Этот же хронотоп колдовской ночи, высветленной, даже выбеленной изнутри, находим в лирическом отступлении «Мертвых душ»: «Сияние месяца там и там: будто белые полотняные платки развешались по стенам, по мостовой, по улицам… подобно сверкающему металлу блистают вкось озаренные крыши… А ночь! небесные силы! какая ночь совершается в вышине!» (5, 208). Особенно поразителен почти дословный параллелизм «Портрета» и «Мертвых душ» в описании того, как действие лунных чар усиливается белизной простыней/полотняных платков и стен/крыш. Таков свет той заколдованной страны, по которой несутся Вакула на черте, Хома на ведьме, а Чичиков на своей тройке. Ночью природа предается сну – бодрствуют только силы преисподней: поэтому в демонических сценах все высвечено изнутри, все спит с открытыми глазами, подчиняясь «сверхъестественному действию луны, чудесный свет которой имеет в себе тайное свойство придавать предметам часть звуков и красок другого мира» (1-я ред. «Портрета», 3, 217).

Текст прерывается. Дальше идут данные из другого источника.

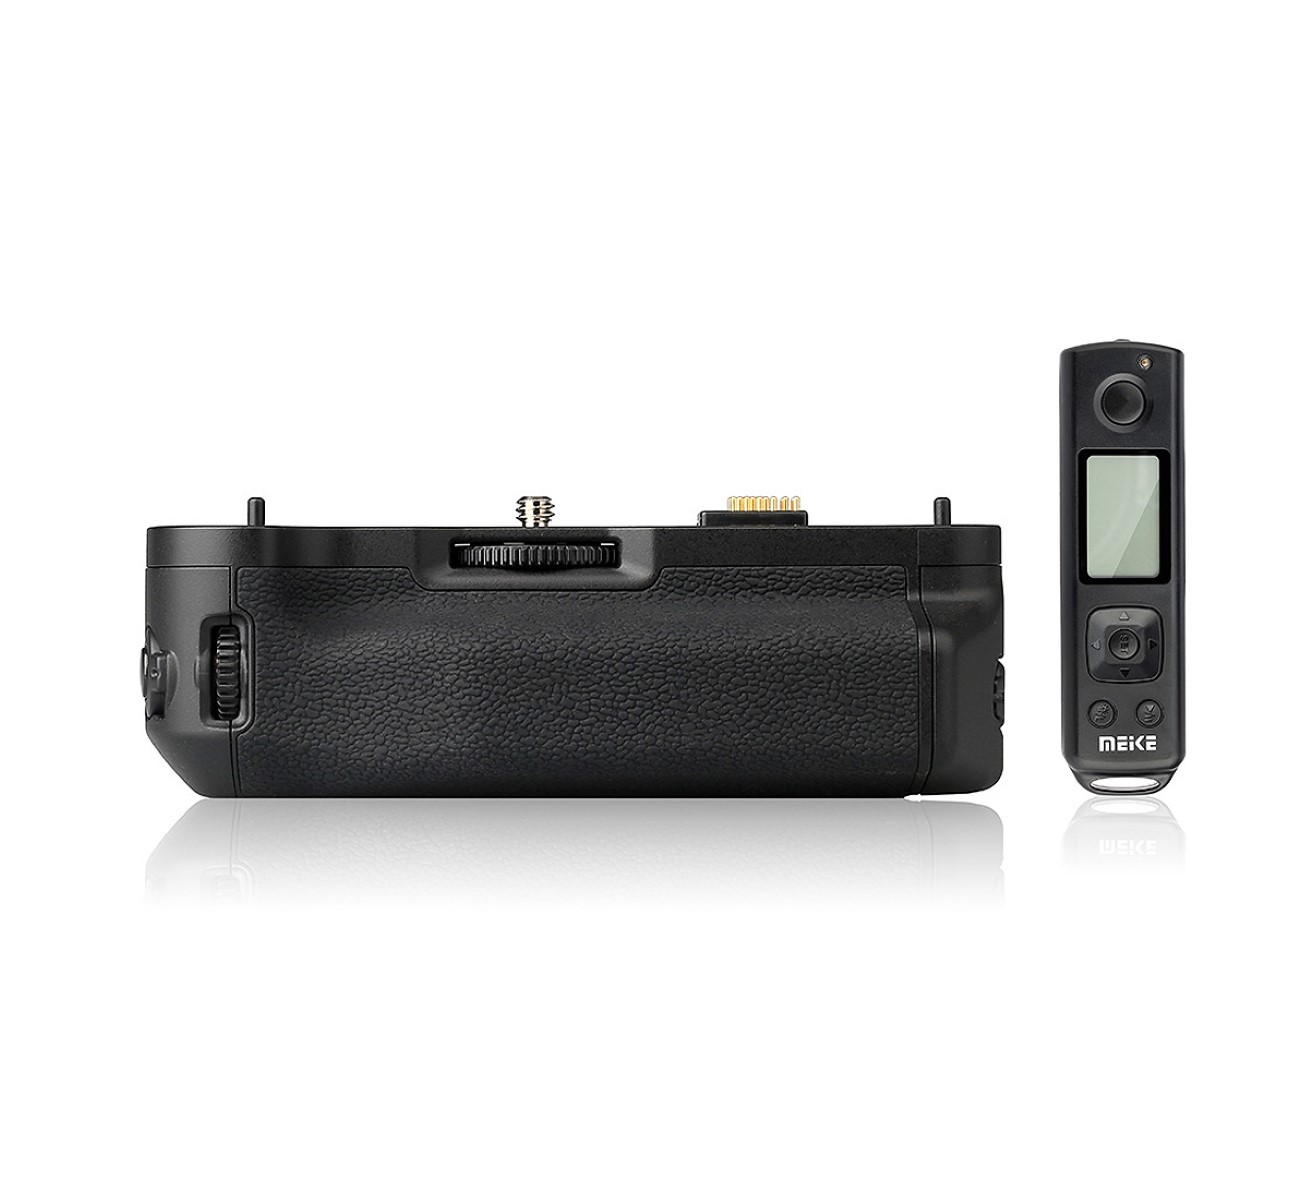 MEIKE Batteriegriff Fujifilm X-T1 Batteriegriff mit VG-XT1, Funk-Timer-Fernauslöser Black ähnlich Funk-Timer-Fernauslöser, mit

Колдовские светлые ночи у Гоголя напоминают ту сцену, в которой – «озарен луною бледной» – скачет гордый истукан за Евгением. В «Медном всаднике» Пушкина белая ночь служит знаком неестественного нарушения границ, установленных природой, и тем самым воспроизводит основное структурное смещение в сюжете поэмы – наводнение возвращает стихию, оттесненную Петром, в ее начальные берега. Граница между днем и ночью, как и граница между сушей и водою, были установлены в самом начале Творения, и смещение их приобретает и у Пушкина, и у Гоголя демонический смысл39.
Звон и рыдание
В заколдованном мире звуки, подобно свету, возникают словно ниоткуда, само пространство разносит их – и они впиваются в душу неизъяснимым очарованьем, в котором слиты восторг и унынье. Хома несется на ведьме: «Но там что? Ветер или музыка: звенит, звенит, и вьется, и подступает, и вонзаетсяв душу какою-то нестерпимою трелью…» («Вий», 2, 148). Такая же вопросительная интонация – в лирическом отступлении о России: «Что в ней, в этой песне? Что зовет, и рыдает, и хватает за сердце? Какие звуки болезненно лобзают, и стремятся в душу, и вьются около моего сердца?» («Мертвые души», 5, 207). Те же слова, та же мелодия их сочетанья: «вьется… и вонзается в душу», «стремятся в душу и вьются».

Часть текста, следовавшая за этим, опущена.